A table with no data would have no data-based partitions, while a table with
data that contained N unique partition key values would have N of them.
To create an automatic list-partitioned table with the following criteria, in
Python:
- partitioned on the date/time of the order
- one partition for each unique year & month across all orders
- partitions are added as necessary
from gpudb import GPUdbRecordColumn as GRC
from gpudb import GPUdbColumnProperty as GCP
# Create a column list
columns = [
[ "id", GRC._ColumnType.INT ],
[ "customer_id", GRC._ColumnType.INT, GCP.SHARD_KEY ],
[ "total_price", GRC._ColumnType.STRING, GCP.DECIMAL ],
[ "purchase_ts", GRC._ColumnType.LONG, GCP.TIMESTAMP ]
]
# Create an automatic list-partitioned table using the column list and the
# partition options
table = gpudb.GPUdbTable(
columns,
name = "customer_order_automatic_list_partition_by_year_and_month",
db = h_db,
options = {
"partition_type": "LIST",
"partition_keys": "YEAR(purchase_ts), MONTH(purchase_ts)",
"is_automatic_partition": "true"
}
)
Hash
Hash partitions are defined as simply a static number of partitions. Each
record is assigned to a partition based on the hash of its partition key.
A table is hash-partitioned at creation time, by calling the
/create/table endpoint with a partition_type
option of HASH
,
partition_definitions
set to the number of partitions to create, and
partition_keys
set to whichever columns should be included in the hash.

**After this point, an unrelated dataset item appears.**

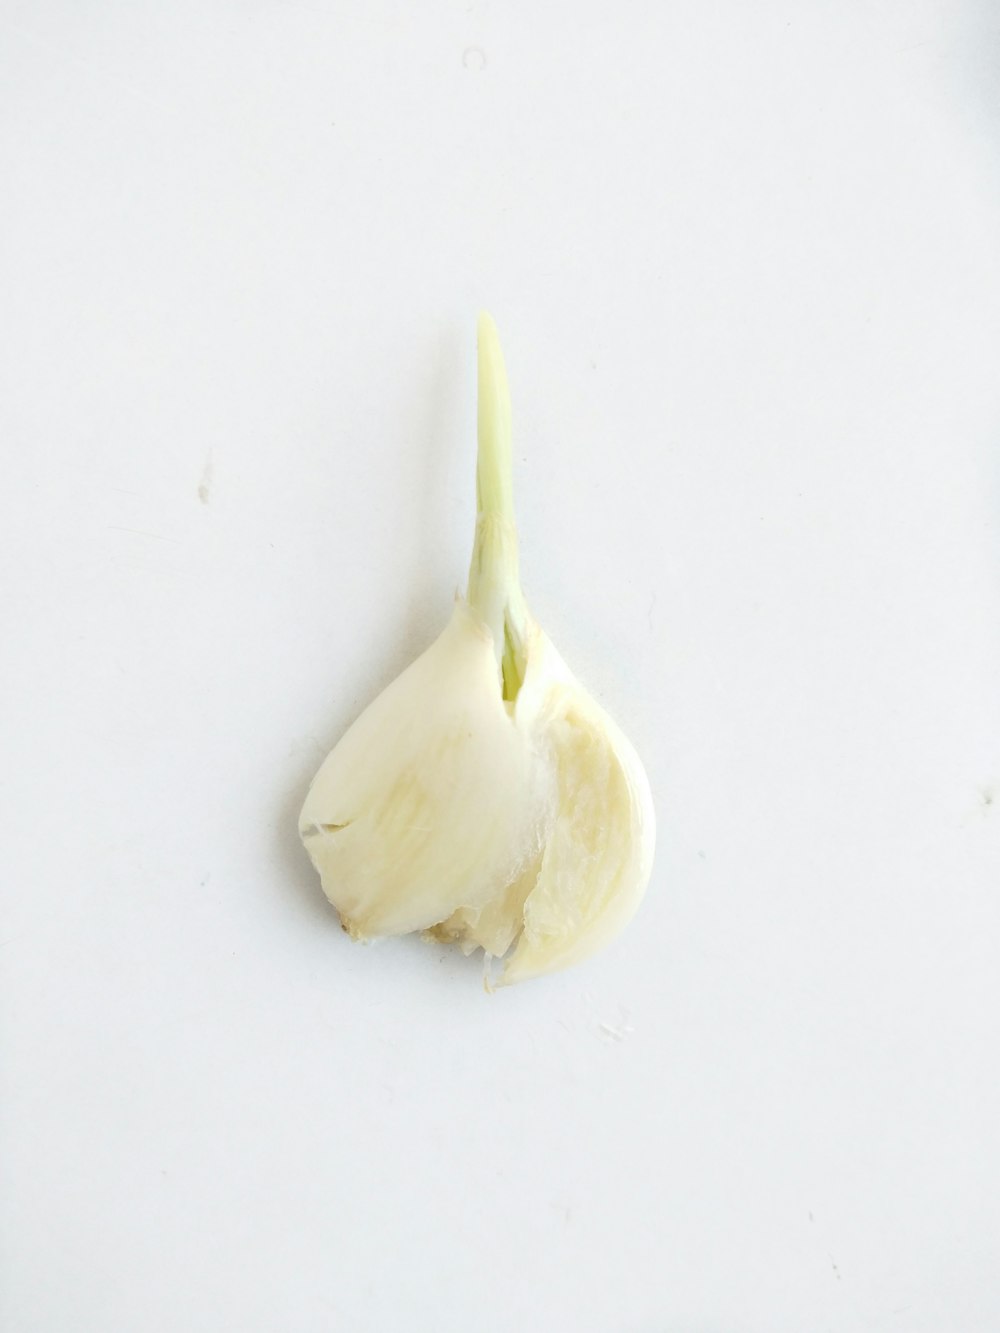 white garlic on white table

For example, to create a hash-partitioned table with the following
criteria, in Python:
- partitioned on the date/time of the order
- distributed among the fixed set of partitions, based on the hash of the year
& month of the order
- 10 partitions
from gpudb import GPUdbRecordColumn as GRC
from gpudb import GPUdbColumnProperty as GCP
# Create a column list
columns = [
[ "id", GRC._ColumnType.INT ],
[ "customer_id", GRC._ColumnType.INT, GCP.SHARD_KEY ],
[ "total_price", GRC._ColumnType.STRING, GCP.DECIMAL ],
[ "purchase_ts", GRC._ColumnType.LONG, GCP.TIMESTAMP ]
]
# Create a hash-partitioned table using the column list and the
# partition options
table = gpudb.GPUdbTable(
columns,
name = "customer_order_hash_partition_by_year_and_month",
db = h_db,
options = {
"partition_type": "HASH",
"partition_keys": "YEAR(purchase_ts), MONTH(purchase_ts)",
"partition_definitions": "10"
}
)
Primary Keys
Primary key is a designation that can be applied to one or more columns in a
table. A primary key composed of multiple columns is known as
a composite primary key.
Purpose
The primary key is used to ensure the uniqueness of the data contained in the
keyed column(s).
The uniqueness constraint is enforced upon insert in two ways:
- If a record to be inserted has key values that match those of an already
existing record in the target table, the new record’s values will either:
- Overwrite the existing record’s values, if the
update_on_existing_pk
option is set to true
- Be ignored (the new record effectively discarded), if the
update_on_existing_pk
option is set to false
or not set
- If two or more records within a given batch insert have the same key values,
with respect to the primary key of the target table, the entire batch of
records to insert is rejected
Designation
By default, a table has no primary key. One must be explicitly designated
in the creation of the type schema associated with the
table.
Only one primary key can exist per table.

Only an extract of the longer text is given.